La Sala Segunda del Tribunal Supremo ha dado a conocer este lunes, 22 de junio, la sentencia del 'caso mascarillas', en la que condena al exministro de Transportes José Luis Ábalos a 24 años y tres meses de prisión, con un máximo de cumplimiento efectivo de quince años y dieciocho meses de prisión.
De igual modo, se impone una condena a su exasesor Koldo García a 19 años, ocho meses y un día de prisión por delitos de organización criminal, cohecho, malversación y tráfico de influencias.
Por su parte, al empresario Víctor de Aldama, al que se aplica la atenuante muy cualificada de colaboración con la Justicia, ha sido condenado cuatro 4 años y seis meses de prisión por delitos de organización criminal y cohecho.
Además, el Alto Tribunal ha acordado suspender la ejecución de esta pena por su aportación al descubrimiento de los delitos y a condición de no delinquir, presentar un informe semestral de actividades y realizar trabajos en beneficio de la comunidad durante un año.
Organización corrupta
La sentencia, adoptada por unanimidad, concluye que los tres acusados formaron una organización criminal con reparto de funciones que cometió graves delitos de corrupción.

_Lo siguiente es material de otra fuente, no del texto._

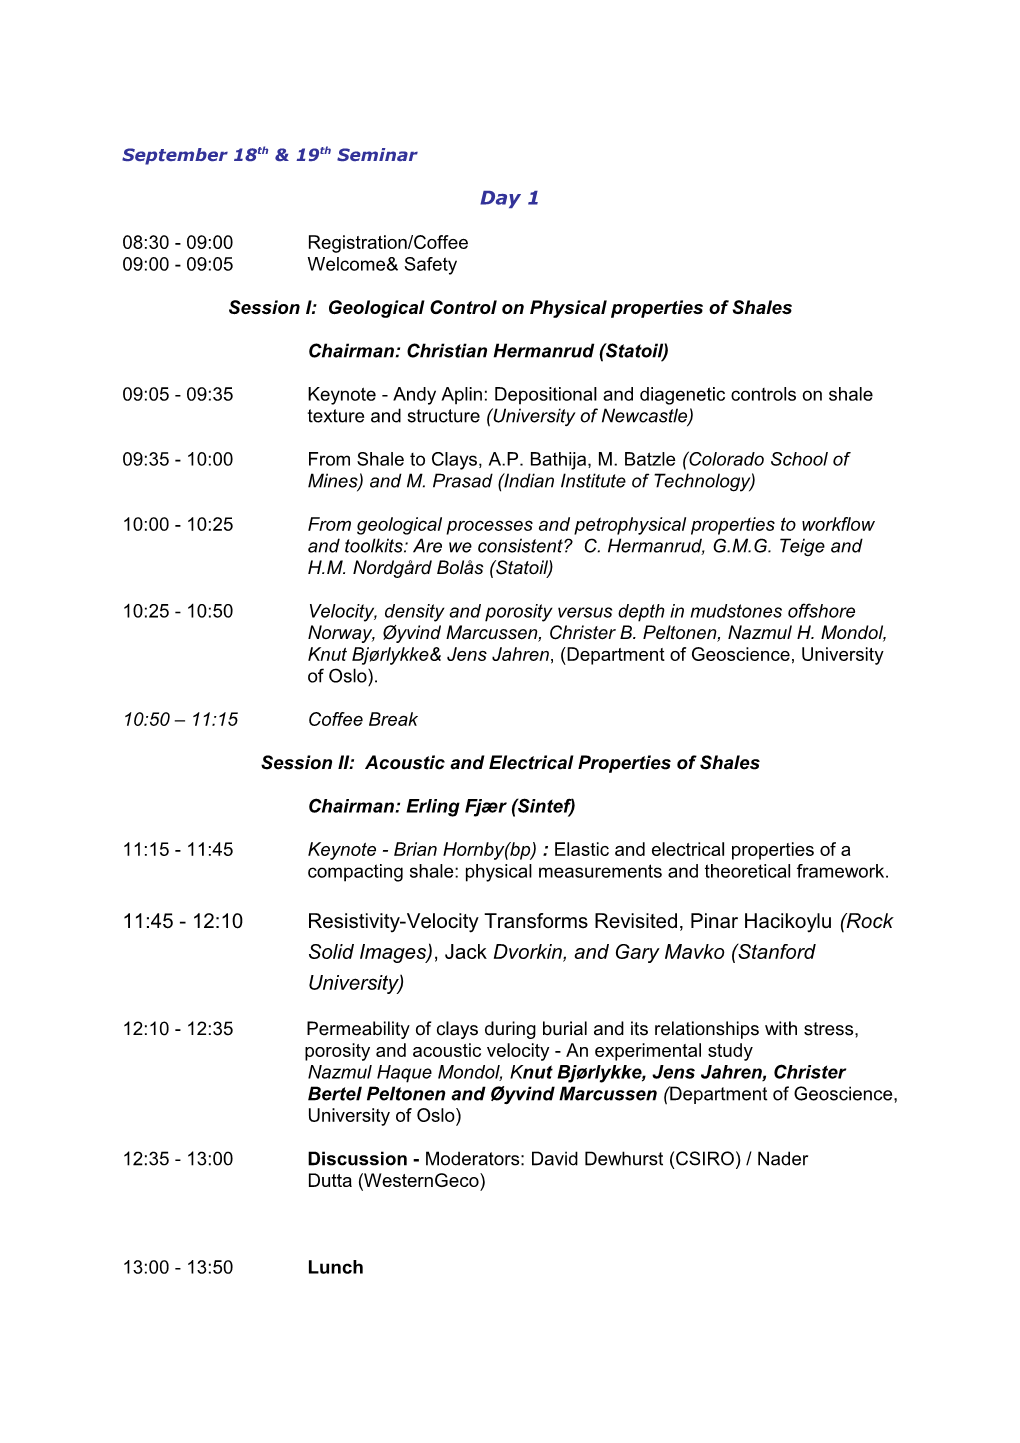 Session I: Geological Control on Physical Properties of Shales

El Supremo onsidera probados los delitos en la adjudicación del suministro de trece millones de mascarillas a Puertos del Estado y Adif a una empresa vinculada a Aldama, la remuneración mensual de 10.000 euros para 'gastos fijos' de Ábalos, la contratación de dos conocidas del exministro en empresas públicas, el pago del piso a una de ellas, el contrato de arrendamiento con opción a compra entre Aldama y Ábalos de un piso en Madrid, y el arrendamiento de viviendas en Marbella y La Línea de la Concepción también con opción de compra por gestiones relacionadas con la emisión de una nota de prensa sobre rescate de Air Europa y para la concesión de una licencia de hidrocarburos.
Se aprovecharon en plena pandemia
El particular, el auto asegura que en el contexto de la pandemia de covid-19, los tres acusados, de mutuo acuerdo, ante la necesidad de compra de material sanitario, en coordinada actuación, utilizaron su ascendencia para que la empresa Soluciones de Gestión, mercantil vinculada a Víctor de Aldama, resultara adjudicataria de dos contratos de suministro de mascarillas licitados por Puertos del Estado y Adif, de manera que Víctor de Aldama se lucraba, a través de las comisiones concertadas con Soluciones de Gestión, y con cargo a las mismas.
De ese importe, pactaron que una parte la entregaría Víctor de Aldama a los otros dos acusados.
En su auto, el tribunal destaca el grave deterioro de la confianza ciudadana en el sistema político que provoca la corrupción, que, según su criterio, socava la arquitectura democrática del Estado.